→ DATA UNDER STUDY:
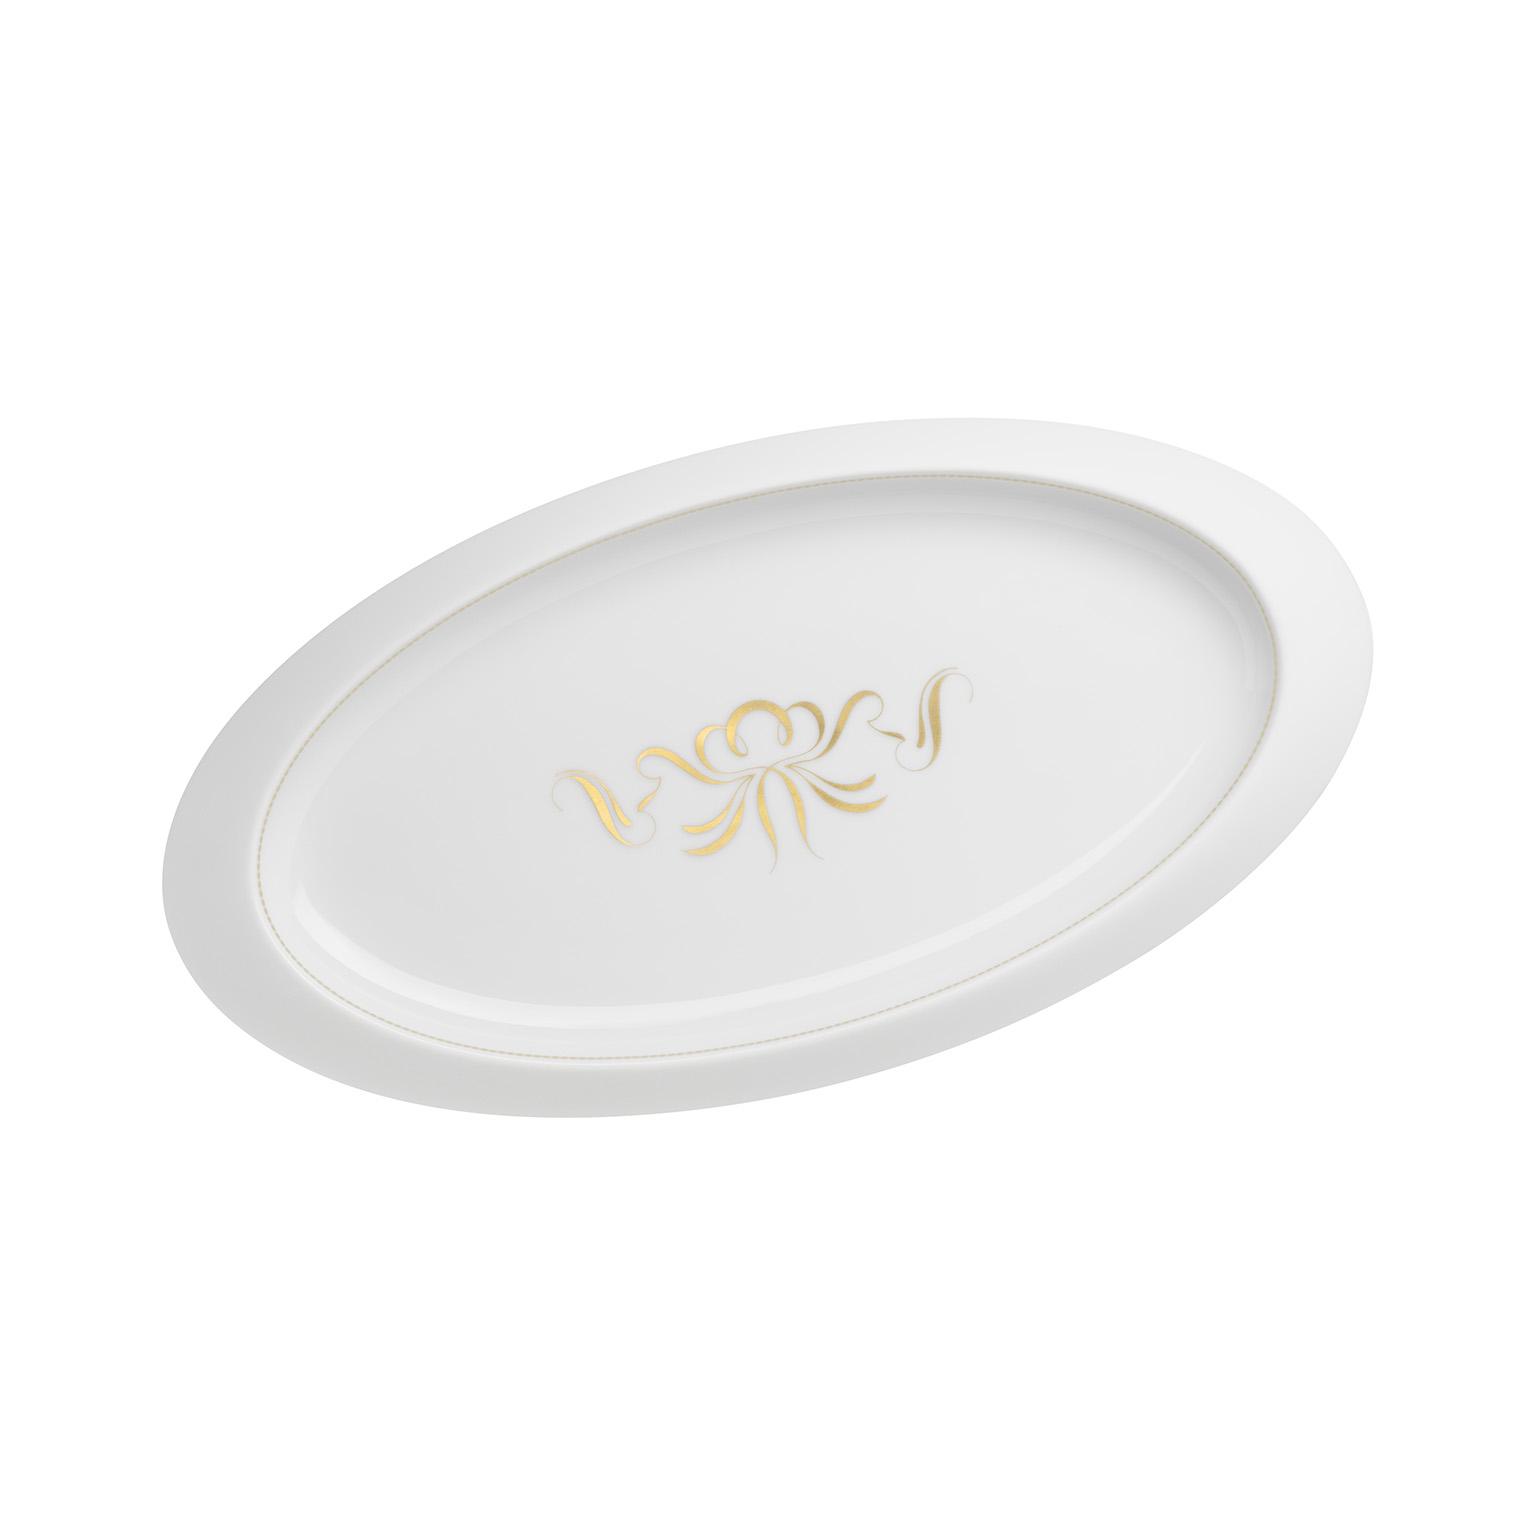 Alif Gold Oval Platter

--

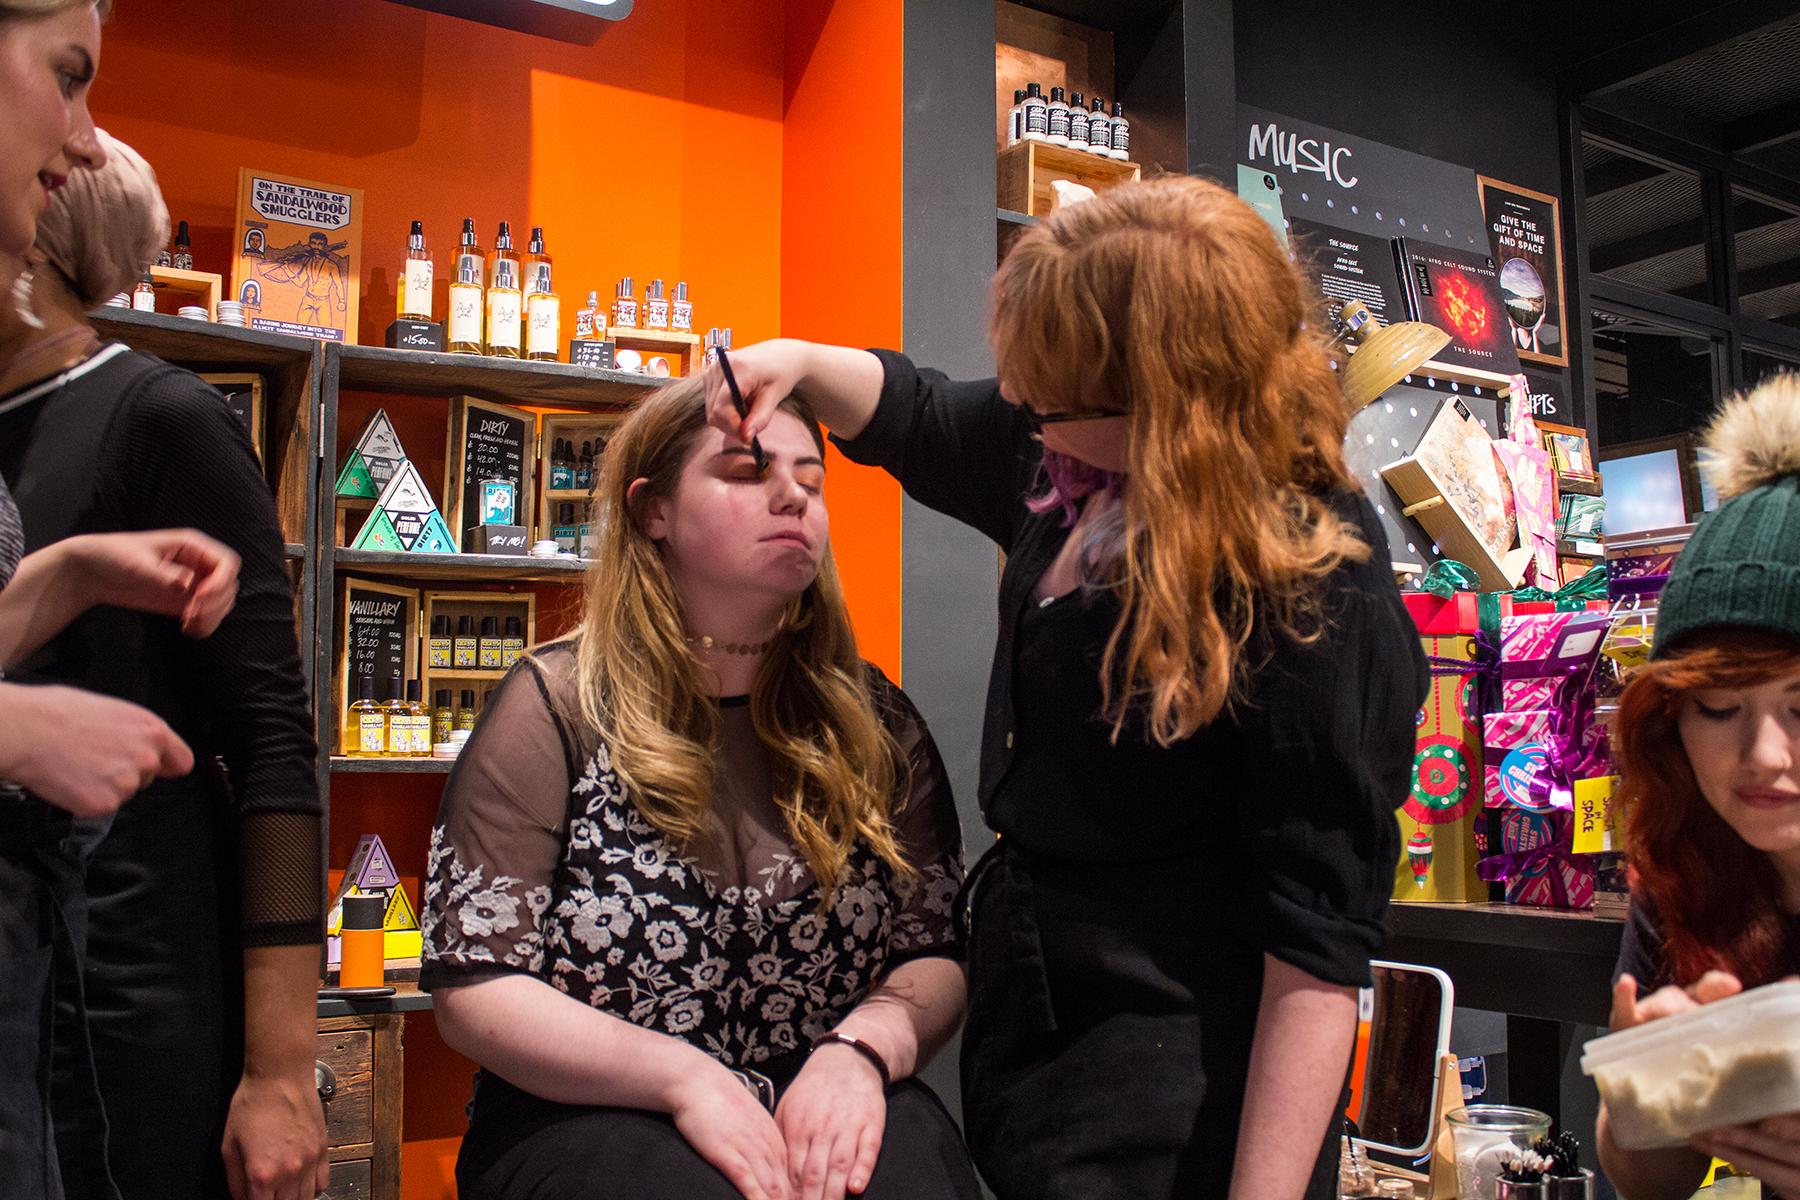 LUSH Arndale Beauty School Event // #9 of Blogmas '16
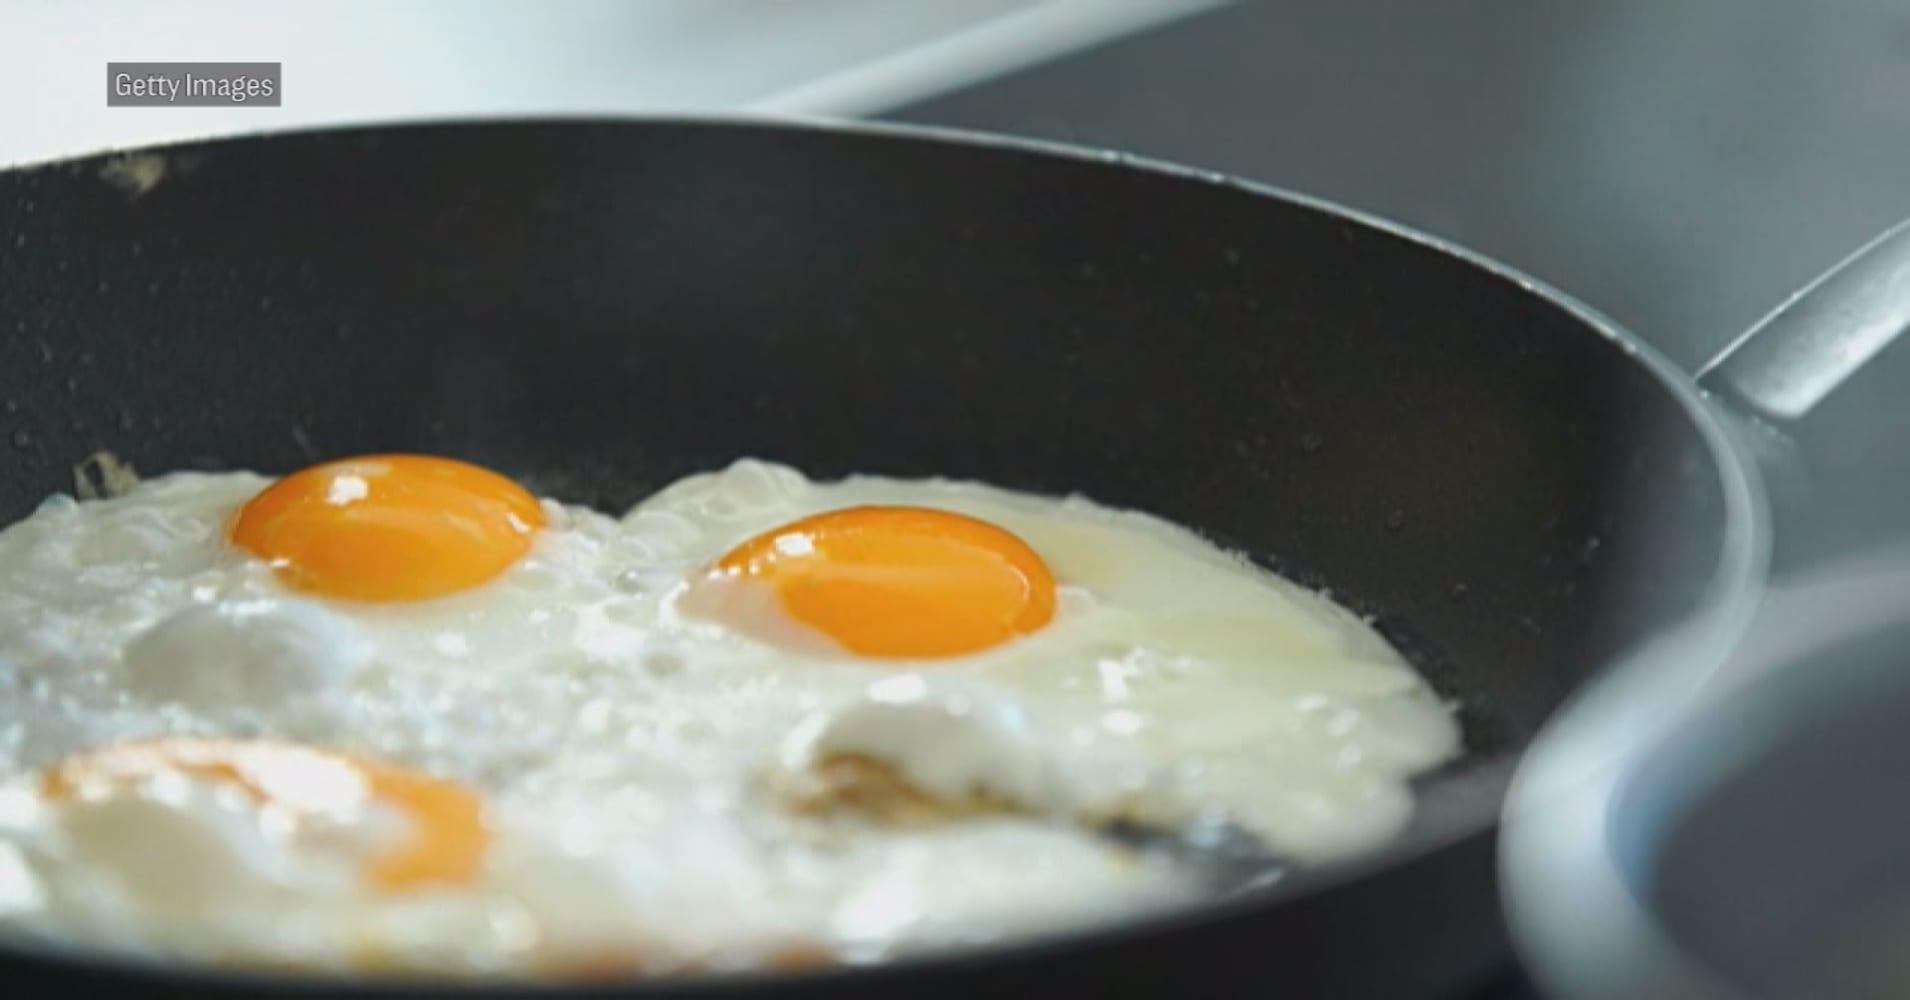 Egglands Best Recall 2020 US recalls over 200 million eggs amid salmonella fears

--

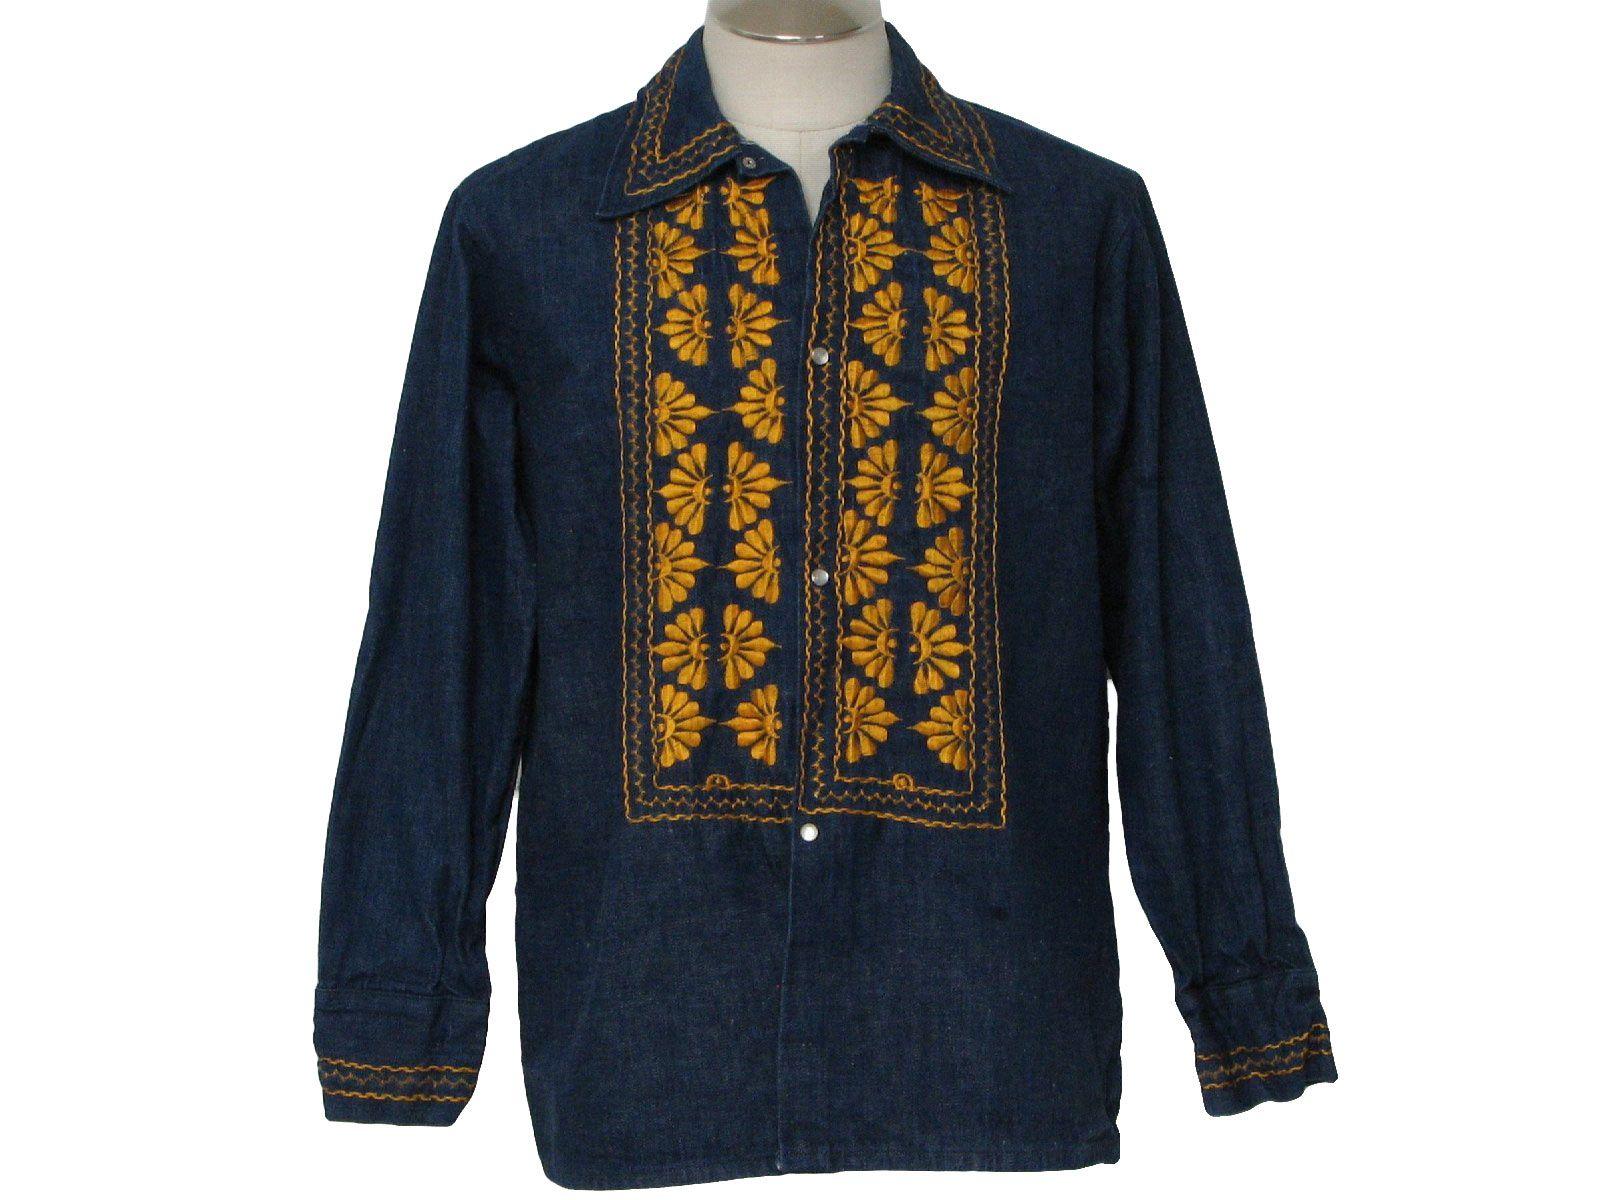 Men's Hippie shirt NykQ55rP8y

→ GOAL OF THE EXERCISE:
Only one stretch of the data is wanted: write out exactly the lines from the one holding "LUSH Arndale Beauty" through the one holding "Egglands Best Recall", both included, without the pictures.

→ RESPONSE:
 LUSH Arndale Beauty School Event // #9 of Blogmas '16
 Egglands Best Recall 2020 US recalls over 200 million eggs amid salmonella fears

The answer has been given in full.